Australians have helped Qantas raise more than $114,000 for the Western Queensland Drought Appeal, funding the coordination and distribution of much needed drought relief across the Longreach region.
Qantas yesterday operated a one-off charity flight from Sydney to the Qantas Founders Museum in Longreach, using its ‘Retro Roo’ aircraft in 70s livery. Passengers got into the 70s spirit with retro outfits, a special Neil Perry-designed menu and cocktails, and entertainment from some musical icons of the era.
The initiative comes in the lead up to Qantas’ 95th birthday next month and was aimed at supporting the community that gave wings to Qantas almost a century ago.
Leo Sayer provided the pre-flight entertainment in the Qantas Business Lounge, while Glenn Shorrock belted out Little River Band classics at the Qantas Founders Museum.
QantasLink CEO John Gissing said the national carrier was proud to lend its support to a region it first called home in the 1920s.
“Qantas’ roots in Longreach are deeper than in any other part of Australia – and there has never been a more important time for us to give back to this wonderful community,” Mr Gissing said.
“We know these are difficult times for Longreach and we’re committed to playing our part to help both through this charity flight and through ongoing support for the local tourism industry.”

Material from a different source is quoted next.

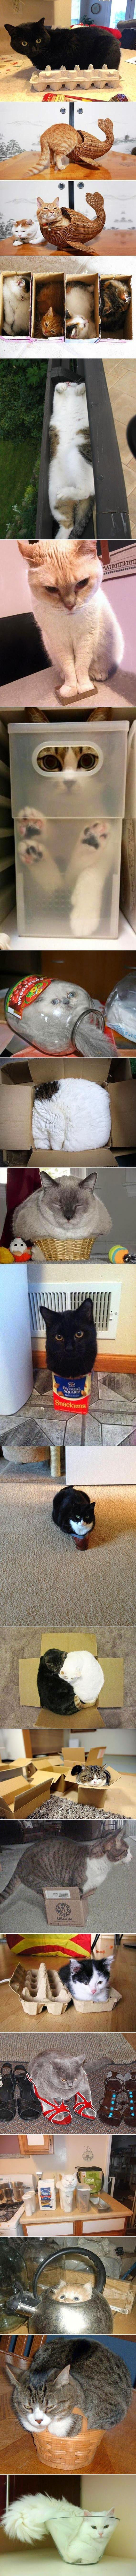 Katzenlaufband.jpg

Western Queensland Drought Appeal Chairman Mr David Phelps said Qantas’ support would help farmers and landowners in the region.

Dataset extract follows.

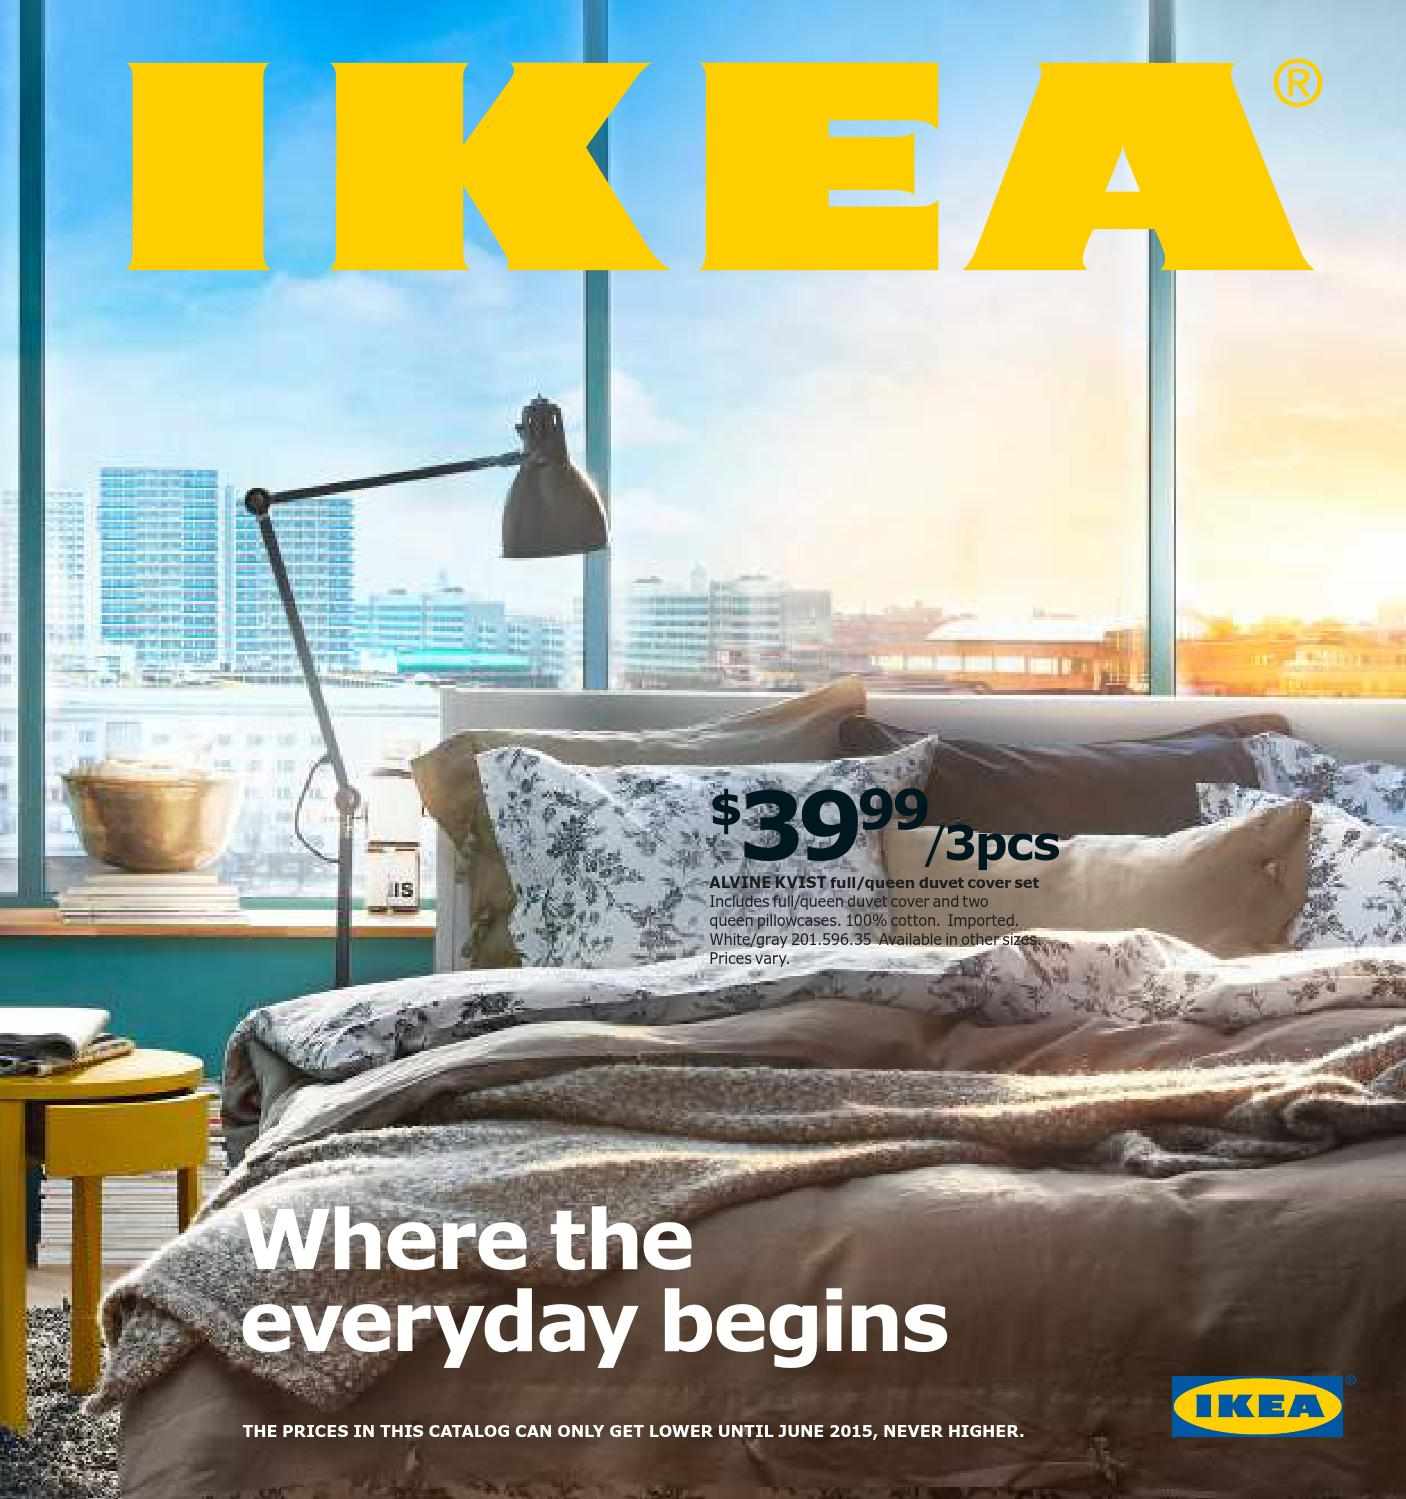 Ikea katalog 2015 by Vsikatalogi issuu

“Qantas has shown their true spirit today. They have shown they are still very much a part of the outback communities where Qantas began, by generously raising money to help farmers battling drought. We are very thankful for this donation to our cause, and for Qantas’ ongoing support of tourism and essential air travel in western Queensland,” said Mr Phelps.

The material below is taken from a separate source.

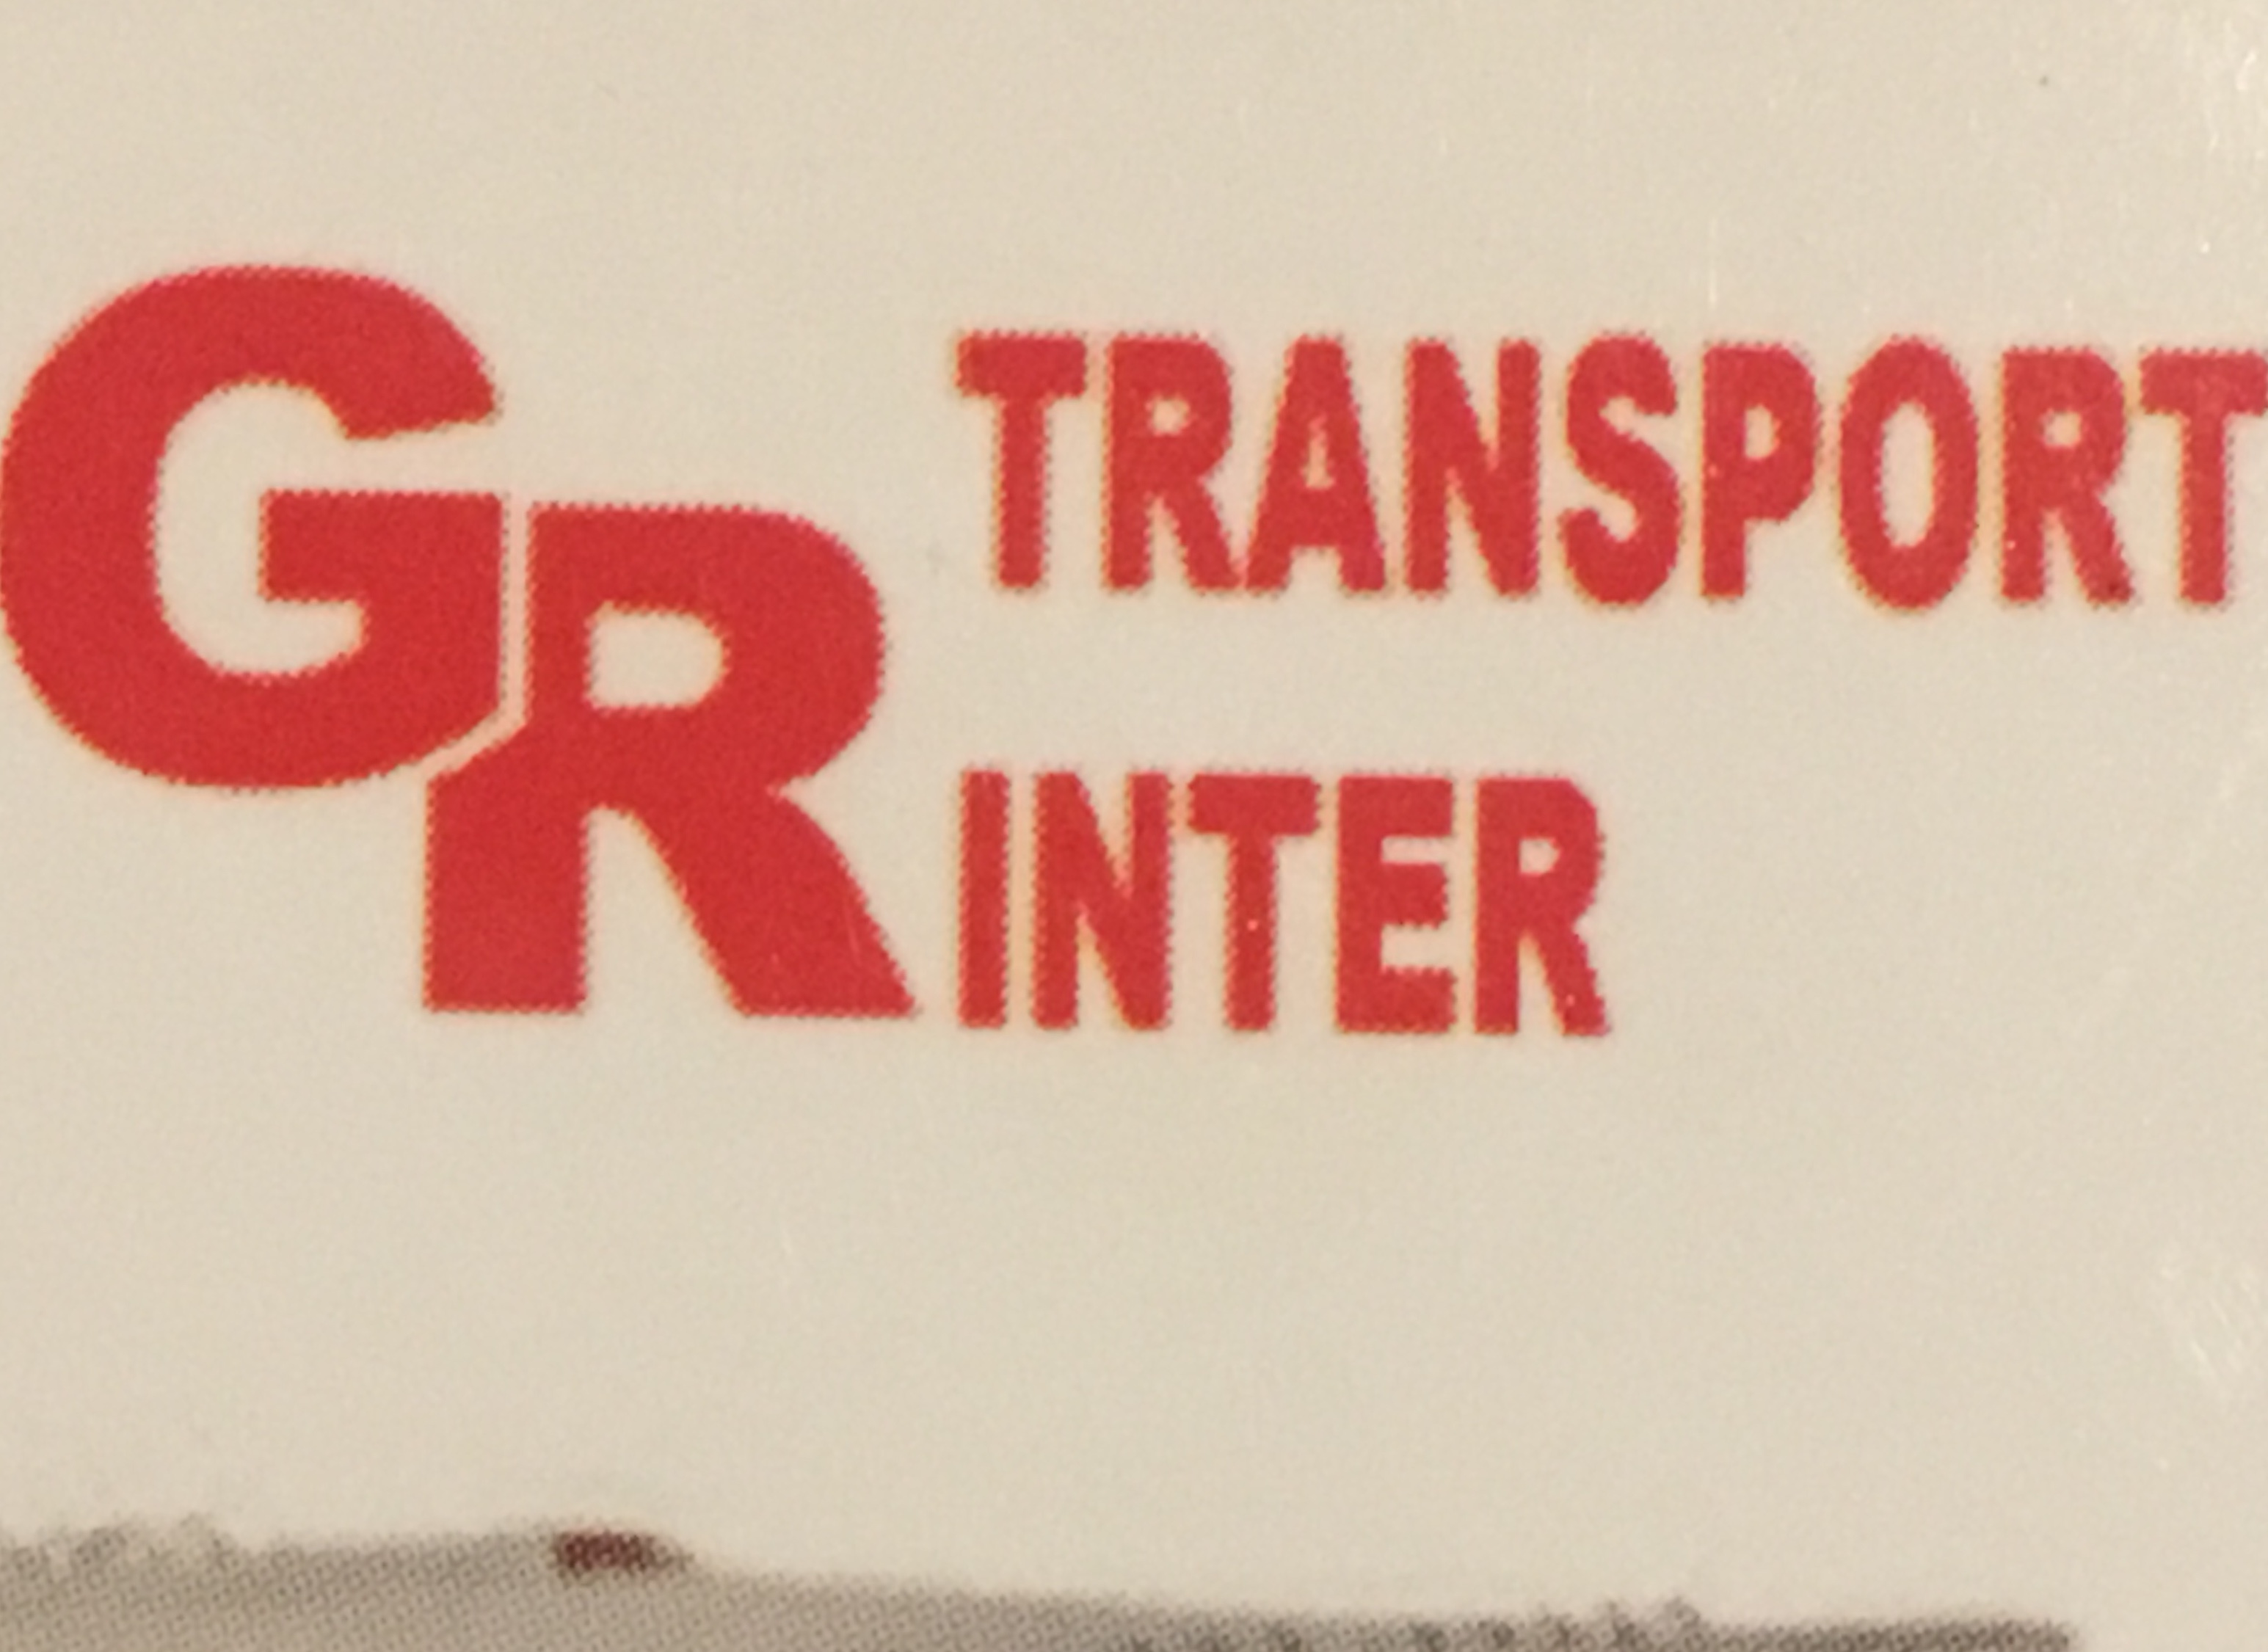 G.r. Transport Inter

The Retro Roo charity flight was made possible by Caltex and Air BP who donated fuel, Sydney and Longreach Airports who waived landing fees and Qantas cabin and flight crew who donated their time to operate the flight.
Passengers paid $737 each for a seat on the service and bid for a number of auction items, with all proceeds from both the flight itself and the in-flight auction going directly to the Appeal.